A key point with modules is that they produce separate namespaces. A namespace (also called a scope) is simply the domain of control that a module, or component of a module, has. Normally, objects within a module are not visible outside that module, that is, attempting to call a variable located in a separate module will produce an error.
Namespaces are also used to segregate objects within the same program. For example, a variable defined within a function is only visible for use while operating within that function. Attempting to call that variable from another function will result in an error. This is why global variables are available; they can be called by any function and interacted with. This is also why global variables are frowned upon as a best practice because of the possibility of modifying a global variable without realizing it, causing a breakage later on in the program.

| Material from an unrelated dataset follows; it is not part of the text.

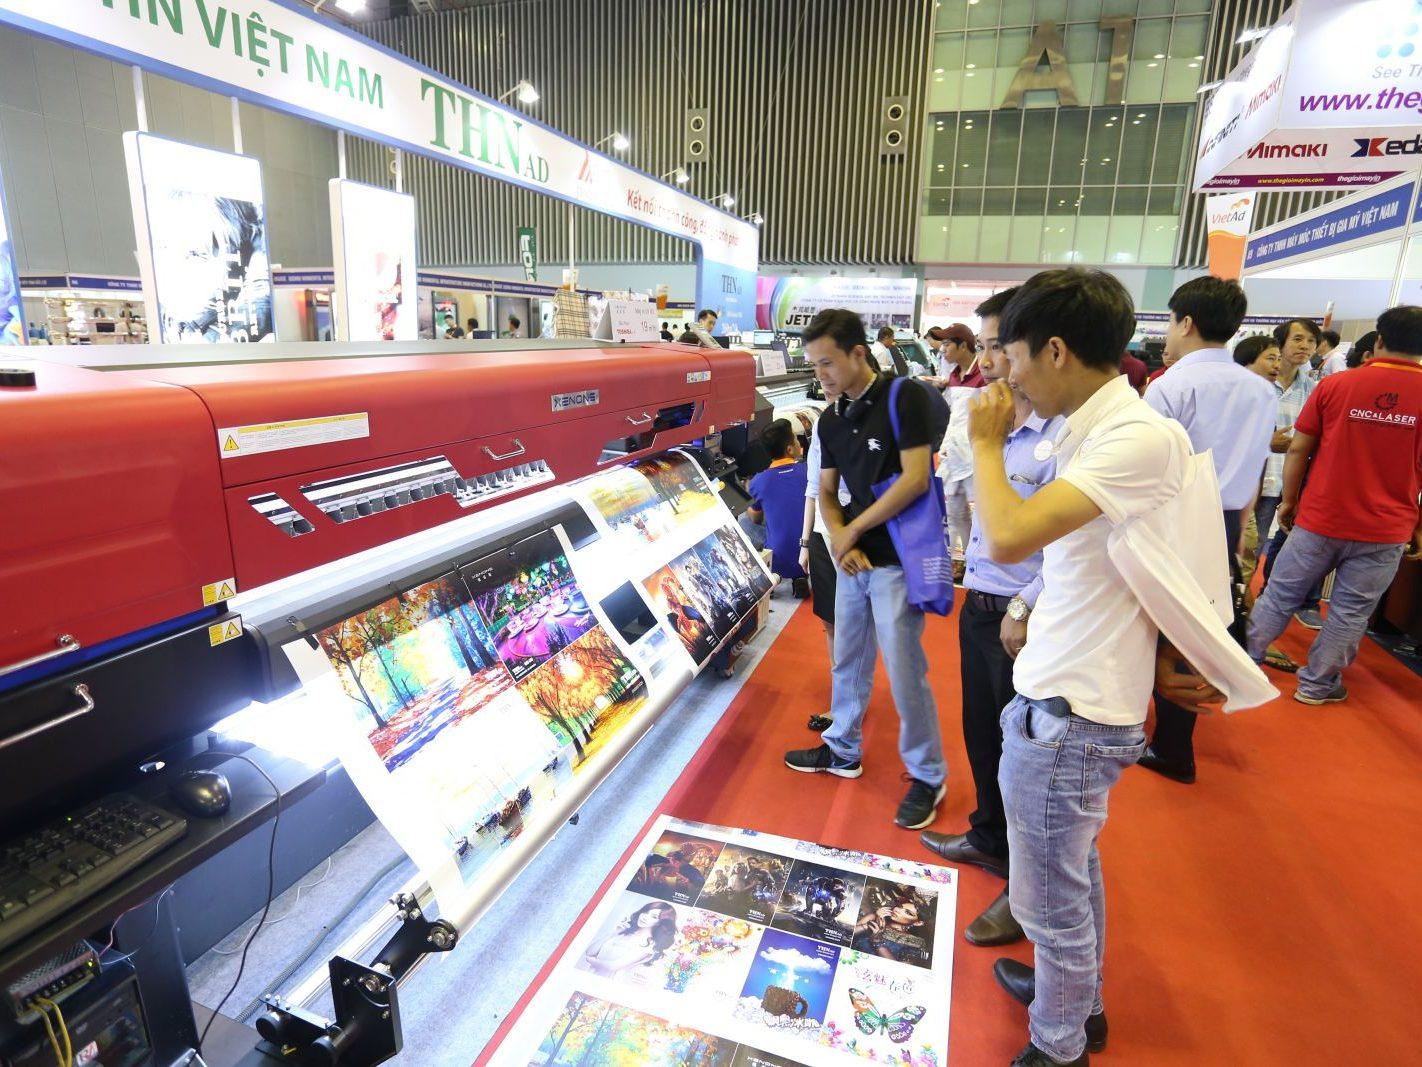 Triển lãm quốc tế thiết bị và công nghệ quảng cáo việt nam...

Scope essentially works inside-out. If a variable is called for use in a function, the Python interpreter will first look within that function for the variable's declaration. If it's not there, Python will move up the stack and look for a globally-defined variable. If not found there, Python will look in the built-in libraries that are always available. If still not found, Python will throw an error. In terms of flow, it looks something like this: local scope -> global scope -> built-in module -> error.
One slight change to the scope discovery process comes when importing modules. Imported modules will be examined for object calls as well, with the caveat that an error will still be generated unless the desired object is explicitly identified via dot-nomenclature.
For example, if you want to generate a random number between 0 and 1,000, you can't just call the randint() function without importing the random library. Once a module is imported, any publicly available classes, methods, functions, and variables can be used by expressly calling them with <module_name> and <object_name>. Following is an example of this:
>>> randint(0, 1000) Traceback (most recent call last): File "<stdin>", line 1, in <module> NameError: name 'randint' is not defined >>> import random >>> random.randint(0, 1000) 607
In the preceding example, randint() is first called on its own. Since it is not part of the normal Python built-in functions, the interpreter knows nothing about it, thus throwing an error.
However, after importing the random library that actually contains the various random number generation functions, randint() can then be explicitly called via dot-nomenclature, that is, random.randint(). This tells the Python interpreter to look for randint() within the random library, resulting in the desired result.
To clarify, when importing modules into a program, Python assumes some things about namespaces. If a normal import is performed, that is, import foo, then both the main program and foo maintain their separate namespaces. To use a function within the foo module, you have to expressly identify it using dot-nomenclature: foo.bar().
On the other hand, if part of a module is imported, for example, from foo import bar, then that imported component becomes a part of the main program's namespace. This also happens if all components are imported using a wildcard: from foo import *.
The following example shows these properties in action:
>>> from random import randint >>> randint(0, 10) 2 >>> randrange(0, 25) Traceback (most recent call last): File "<stdin>", line 1, in <module> NameError: name 'randrange' is not defined
In the preceding example, the randint() function from the random module is expressly imported by itself; this importation puts randint() within the main program's namespace. This allows randint() to be called without having to clarify it as random.randint(). However, when attempting to do the same thing with the randrange() function, an error occurs because it wasn't imported.